The data:
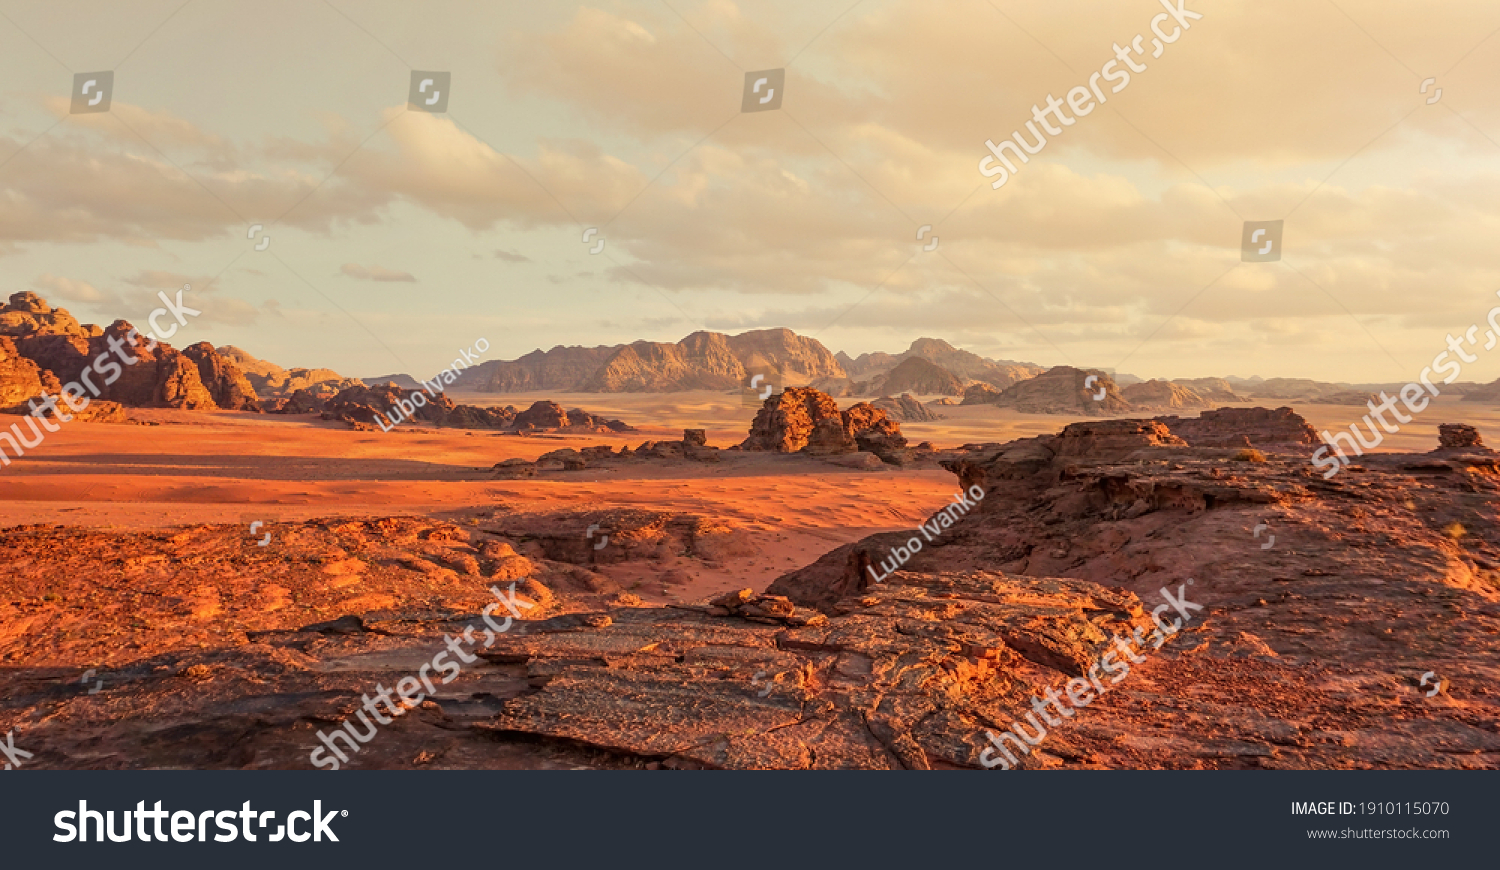 Red Mars like landscape in Wadi Rum desert, Jordan, this location was used as set for many science fiction movies #1910115070
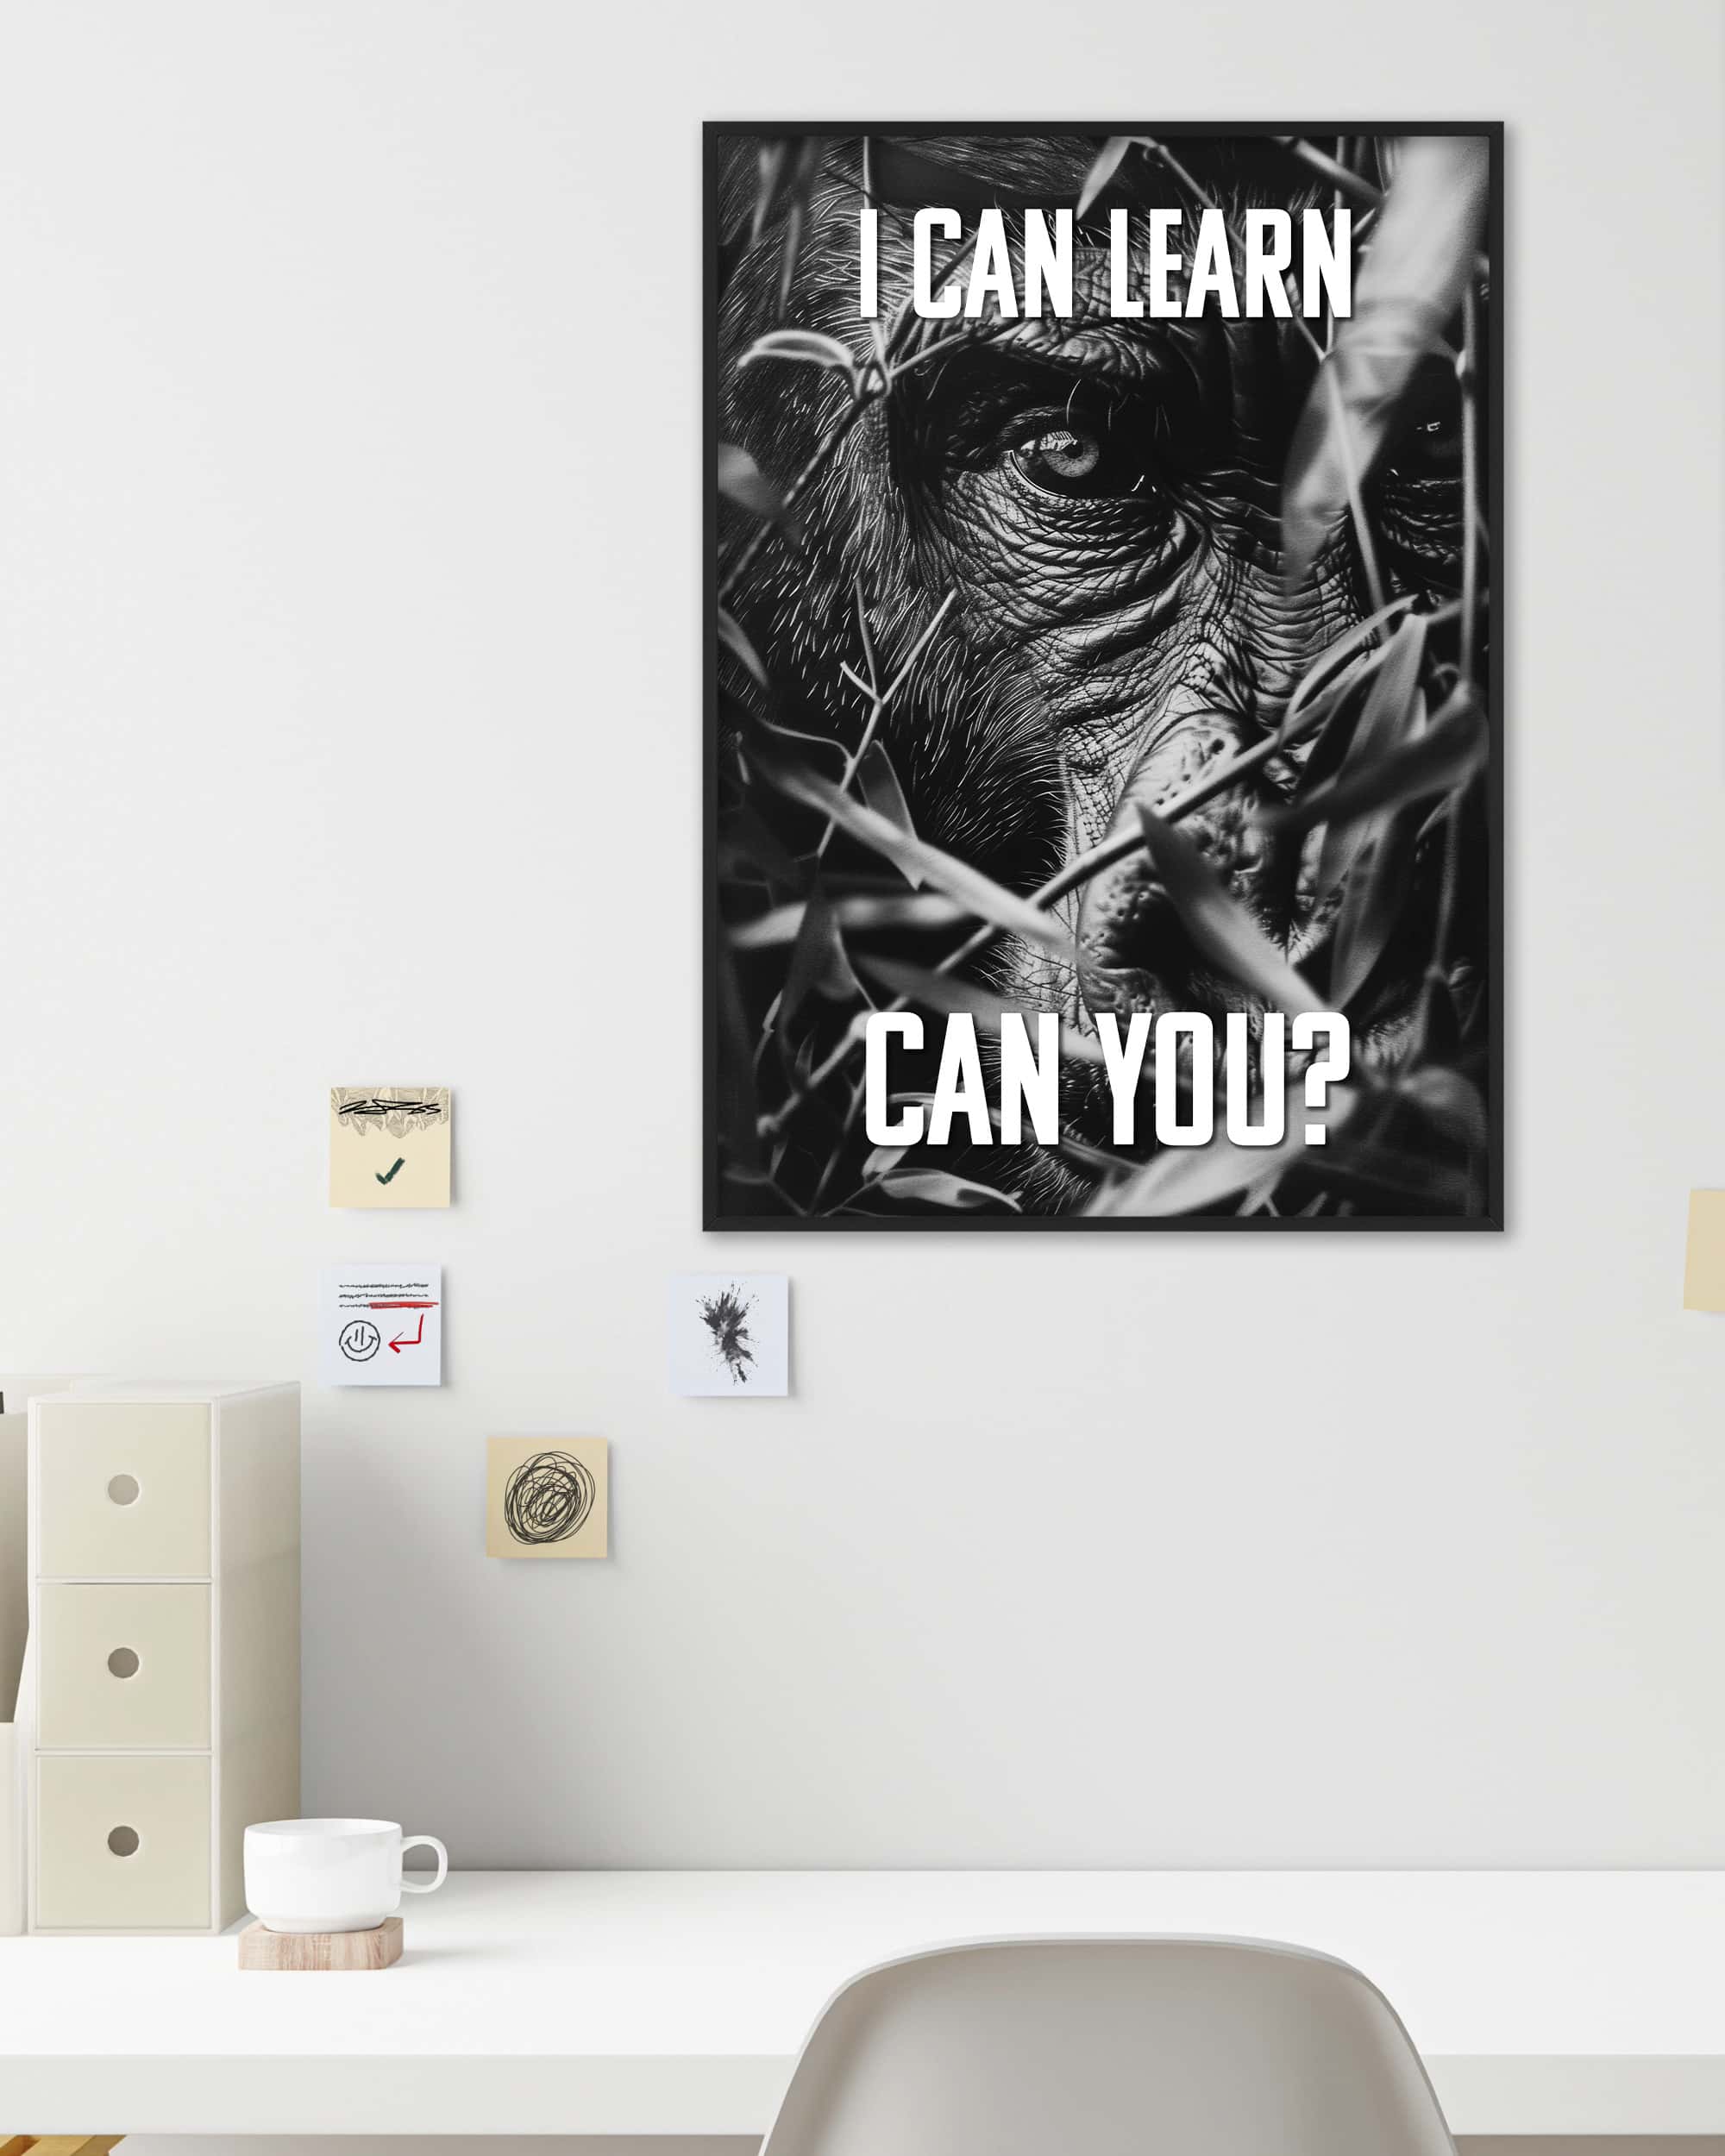 I can learn | Digital Poster
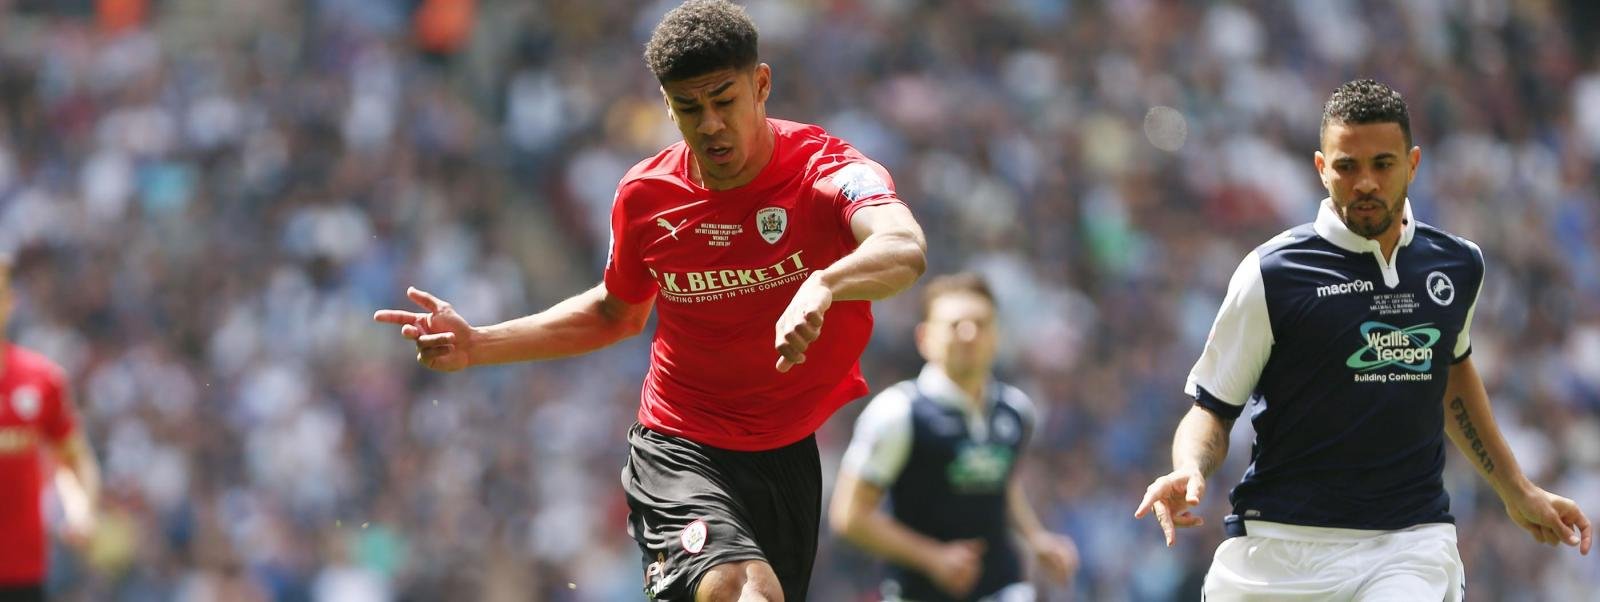 Barnsley beat Millwall in League One play-off final to seal promotion to the Championship
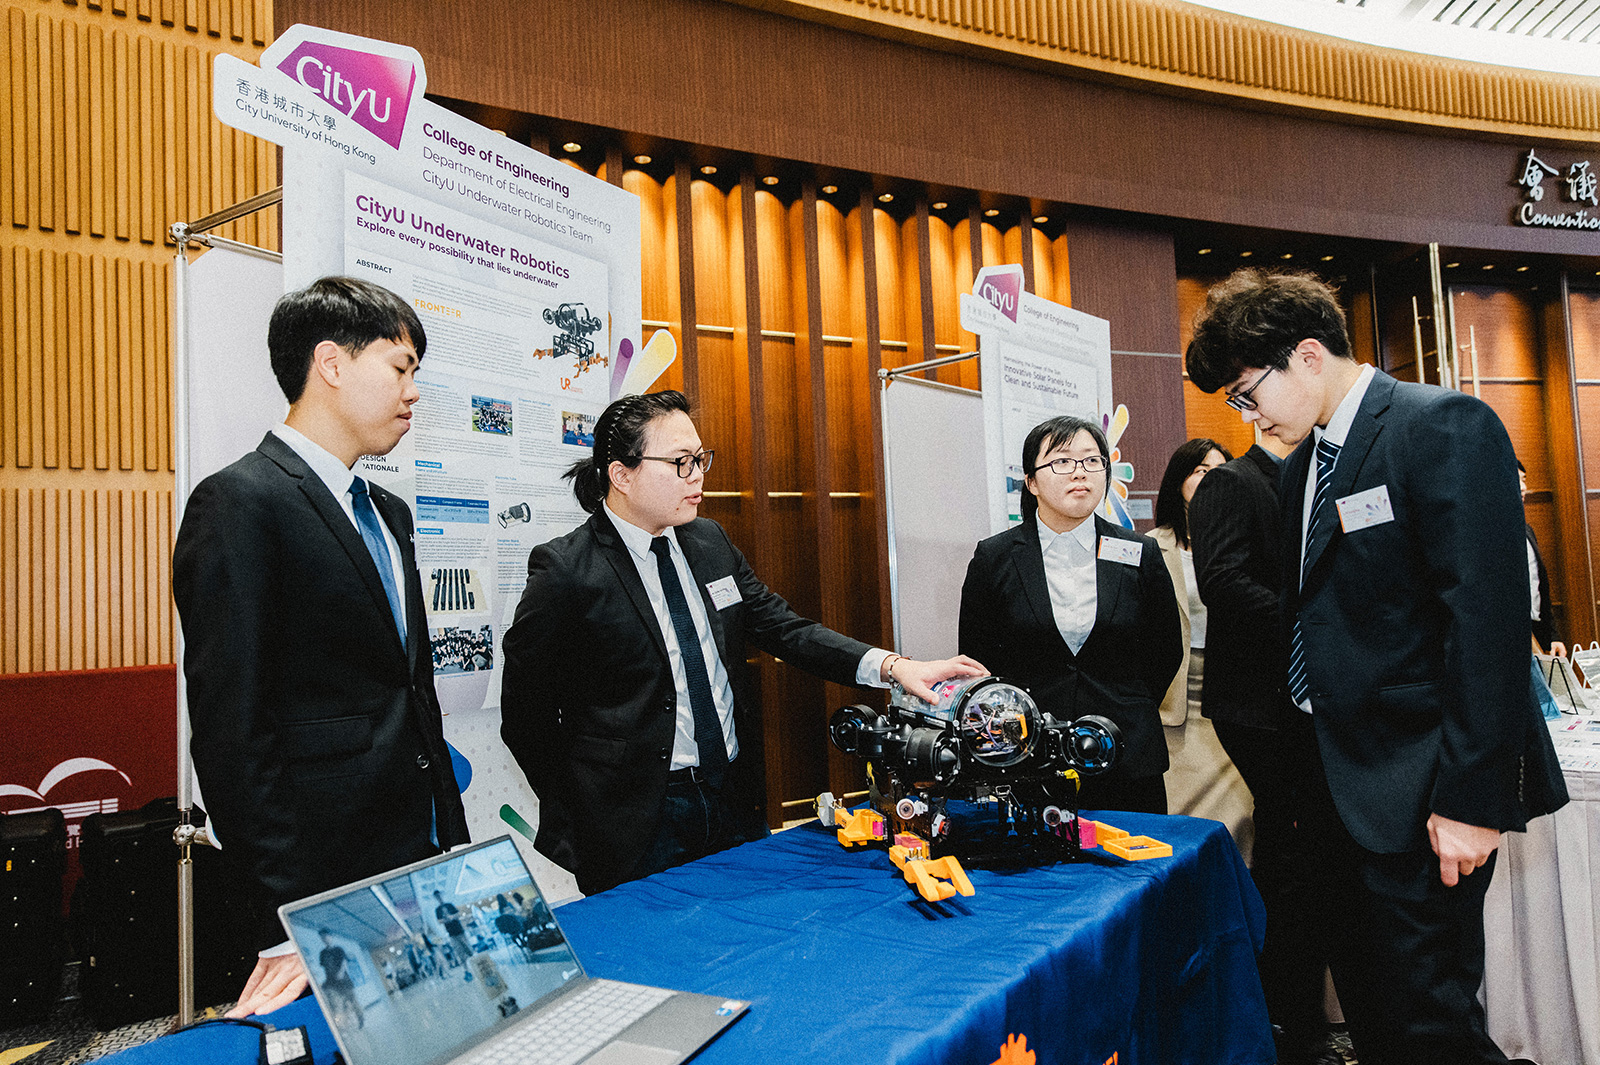 A CityU team showcased how to operate a remotely operated underwater robot to complete a series of complex tasks.

Exercise description: Nothing but the lines from the one containing "I can learn | Digital Poster" through the last line of the material may appear in the answer, transcribed exactly and with no pictures.

Answer to this task:
 I can learn | Digital Poster
 Barnsley beat Millwall in League One play-off final to seal promotion to the Championship
 A CityU team showcased how to operate a remotely operated underwater robot to complete a series of complex tasks.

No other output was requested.